Pan Am Flight 103 Air Crash Investigation And Other Fallen Passenger Aircraft

By Tanisha Berg


In the same way people from the Baby Boomer generation all remember where they were the day John F. Kennedy was killed, later generations know exactly what they were doing when it was announced that a passenger airliner had crashed into the small Scottish town of Lockerbie, killing 259 passengers and crew along with 11 people on the ground. Years later, the Libyan government acknowledged its responsibility for the tragedy.

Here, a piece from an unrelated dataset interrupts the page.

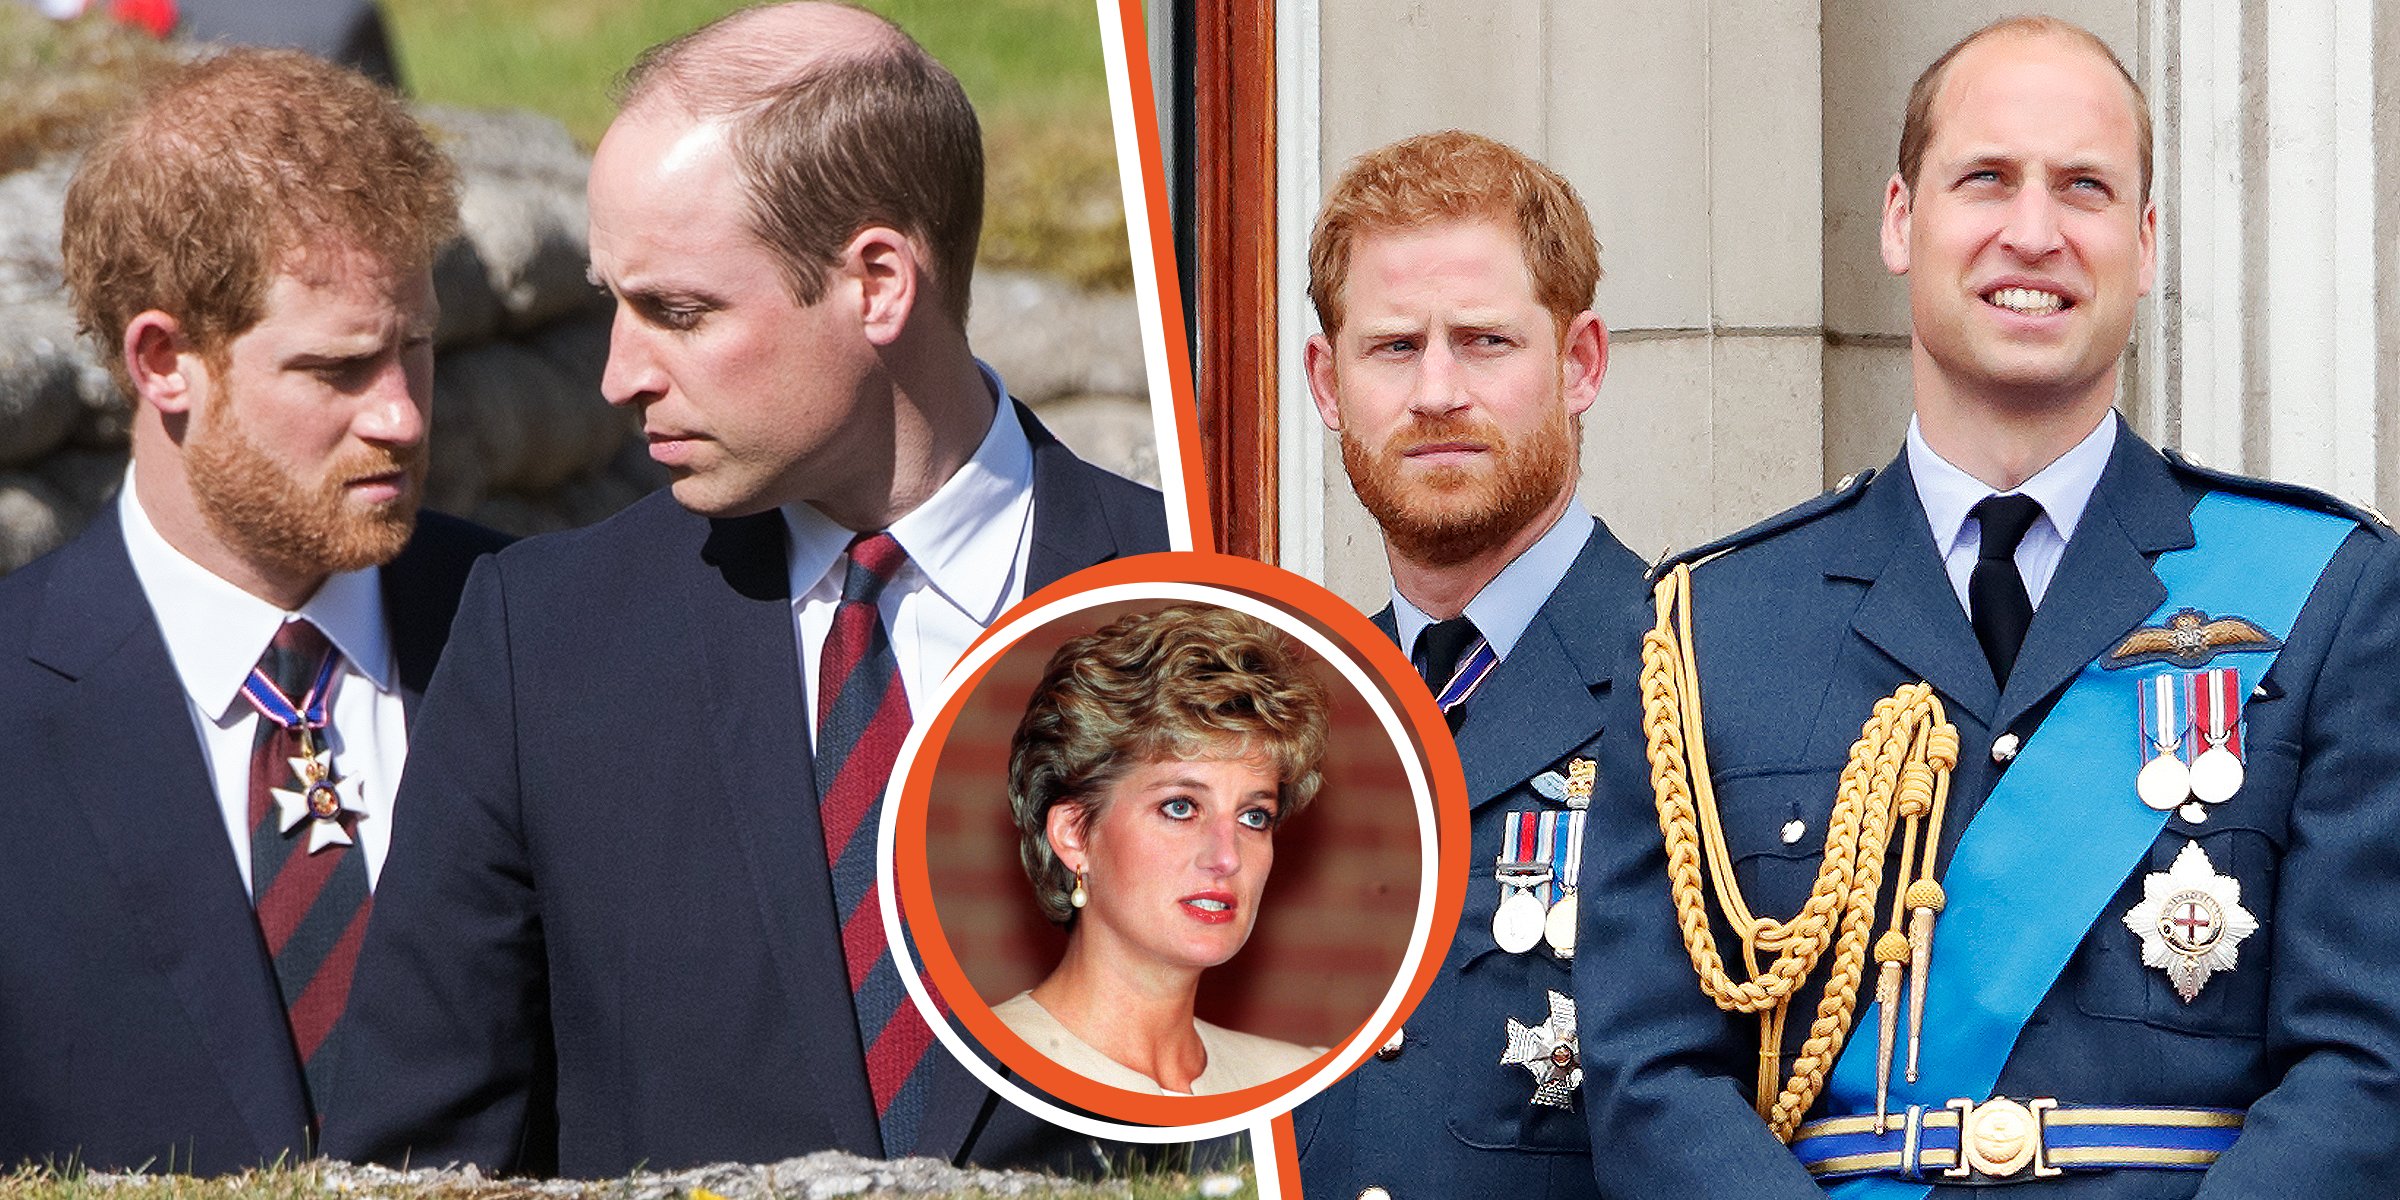 Prince Harry and Prince William | Lady Diana Spencer | Prince Harry and Prince William | Source: Getty Images

What a lot of people do not know, the Pan Am Flight 103 air crash investigation revealed that the airline was guilty of wilful misconduct for not matching up each piece of luggage with the correct passenger.

There had been no suggestion that there was a fault with the plane before it took off from Frankfurt. There was other evidence that the plane had been brought down by an explosive device from within. Bombs, which are typically placed in the baggage hold, are not the only external threat to which airline passengers are exposed.

It is not always a bomb that brings a commercial passenger airliner crashing to the ground. Since the 1940s, passenger aircraft have been shot down using major artillery. Not a decade has gone by since then without at least one report of an airliner being brought down in this way.

The cause of a 2007 Balad crash which involved an Antonov An-26 airliner, leaving 34 people dead and one seriously injured, remains in dispute. The incident occurred when the plane was attempting to land at an American military base in Balad, Iraq. While the official explanation is that the plane went down in bad weather, there are those who claim it was shot down by a missile.

In 1993, three Transair Georgia airliners were shot down within three days of each other during the month of September. On September 21, a flight from Sochi in Russia was hit by a surface-to-air missile and crashed into the Black Sea. All five crew and 22 passengers were killed. On September 22, another airliner, reportedly carrying soldiers from the Georgian army, was shot down and crashed on the runway. Of 132 souls on board, 108 perished. The last crash, on September 23, was the result of an artillery or mortar attack as passengers were boarding. A crew member was killed.

An Iranian Air Force C-130, carrying Iranian embassy staff, was shot down in 1994 by American military forces. All 19 passengers and 13 crew, perished. That same year, the presidents of the African states of Burundi and Rwanda were reportedly shot down in the same plane near the Rwandan capital. The plane is believed to have been shot down by rocket fire.

The deadliest crash involving a DC-9-10/15 series aircraft occurred in 1980, when a plane carrying 81 people crashed into the Tyrrhenian Sea near the Italian island of Ustica off the coast of Naples. The President of Italy at the time blamed the French. In 2013, an Italian criminal court ruled that it was abundantly clear the flight had been terminated by a missile.

The earliest incident on record was a Finnish civilian transport that was shot down between Tallinn in Estonia on its way to Helsinki, Finland. This attack took place on June 14, 1940, three months after what was called the Winter War. The plane was shot down by two Soviet torpedo bombers.